Here is the forged blank with the original rough sketch. When overlaid it appears I should be able to make the sketch work.


----------



## Lefty

Looks like fun! Next time, you should try to forge the tip shape, and you'll be able to get a tad more blade length out of it. I'm an expert forger, that's why I know this...cuz I'm an expert.... :happymug:


----------



## K-Fed

Interesting. Does re-bar have enough carbon content to make it hardenable to a useable hardness?


----------



## Baby Huey

I remember getting stabbed with rebar and it taking forever to heal. A co-worker stated that there was something in the chemical composition in the rebar that caused it.


----------



## CrisAnderson27

K-Fed said:


> Interesting. Does re-bar have enough carbon content to make it hardenable to a useable hardness?



Not usually. Rebar is a mish mash of metal...and not particularly well mixed. Some might have carbon, some not. Hell, some 6" pieces might have carbon in one end and not in the other. Even HC rail spikes are better to start with usually, because they have a consistent carbon level. It's low...but its there.



Baby Huey said:


> I remember getting stabbed with rebar and it taking forever to heal. A co-worker stated that there was something in the chemical composition in the rebar that caused it.



It was dirty lol.

GlassEye, if you're here in the US, PM me your address and I'll lop you off a 6" piece of 1/2" W1 to make your first knife from .


----------



## GlassEye

Lefty said:


> Looks like fun! Next time, you should try to forge the tip shape, and you'll be able to get a tad more blade length out of it. I'm an expert forger, that's why I know this...cuz I'm an expert.... :happymug:


I did forge some tip shape at some point but it didn't really maintain that shape after working the spine and edge. As for next time, I'll see how sore my arms are after this one and go from there.


K-Fed said:


> Interesting. Does re-bar have enough carbon content to make it hardenable to a useable hardness?

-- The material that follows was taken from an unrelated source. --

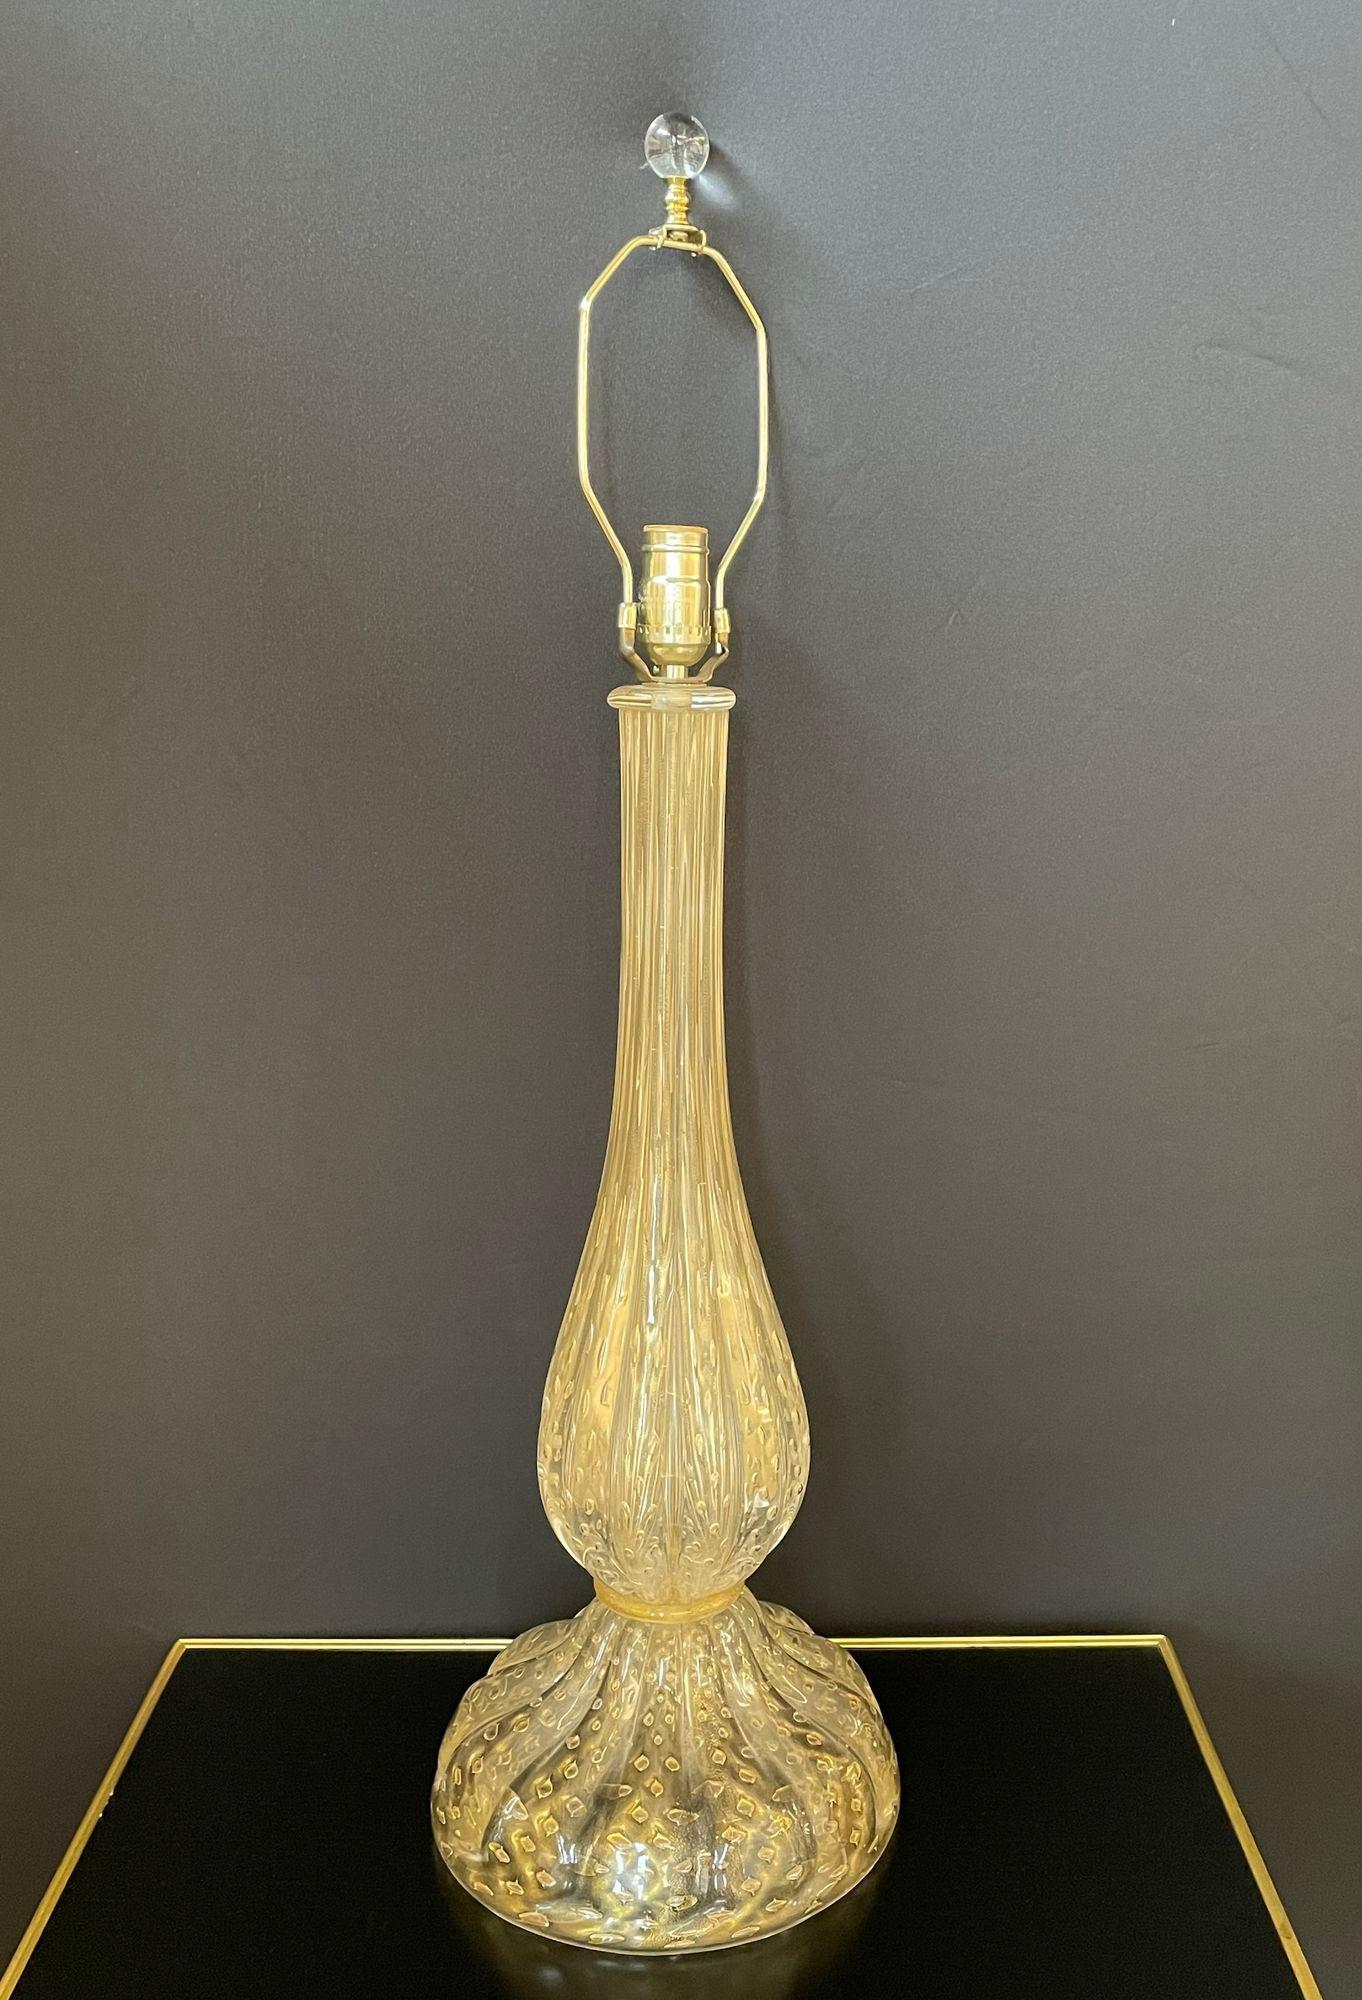 Large Italian Murano Glass Table Lamp, Mid-Century Modern, Barovier Toso Style In Good Condition For Sale In Stamford, CT

This guy seems to have had some success forging knives of rebar.
What he is claiming is relatively low carbon, but the steel was free for me :juggler:
I am not expecting too much in terms of knife performance, but if I can get something I can use for opening boxes, letters, other little tasks I will be quite satisfied with the project.


----------



## GlassEye

CrisAnderson27 said:


> GlassEye, if you're here in the US, PM me your address and I'll lop you off a 6" piece of 1/2" W1 to make your first knife from .


Are saying the ugly lump of metal pictured above is not considered my first knife?:wink: Thanks for the offer, I'll decline for now but I'll let you know when it is time for the next one.


----------



## CrisAnderson27

K-Fed said:


> Interesting. Does re-bar have enough carbon content to make it hardenable to a useable hardness?





Baby Huey said:


> I remember getting stabbed with rebar and it taking forever to heal. A co-worker stated that there was something in the chemical composition in the rebar that caused it.





GlassEye said:


> I did forge some tip shape at some point but it didn't really maintain that shape after working the spine and edge. As for next time, I'll see how sore my arms are after this one and go from there.
> 
> This guy seems to have had some success forging knives of rebar.
> What he is claiming is relatively low carbon, but the steel was free for me :juggler:
> I am not expecting too much in terms of knife performance, but if I can get something I can use for opening boxes, letters, other little tasks I will be quite satisfied with the project.



Trust me...you can make knives from three different pieces of rebar, and have three completely different results in hardness, and my bet would be none of the three would even harden.

Now, I know nothing of this 'grade 60' he keeps mentioning on this page, but I don't think it's your typical rebar. The one thing about his site that makes me doubtful of his results though is his hardening procedure. Bright red in what light? What kind of water? The only real way to get .40% carbon steel to harden properly or reliably is cold brine (salt water) with a touch of dish soap...water is inconsistent (it CAN work...but not always!).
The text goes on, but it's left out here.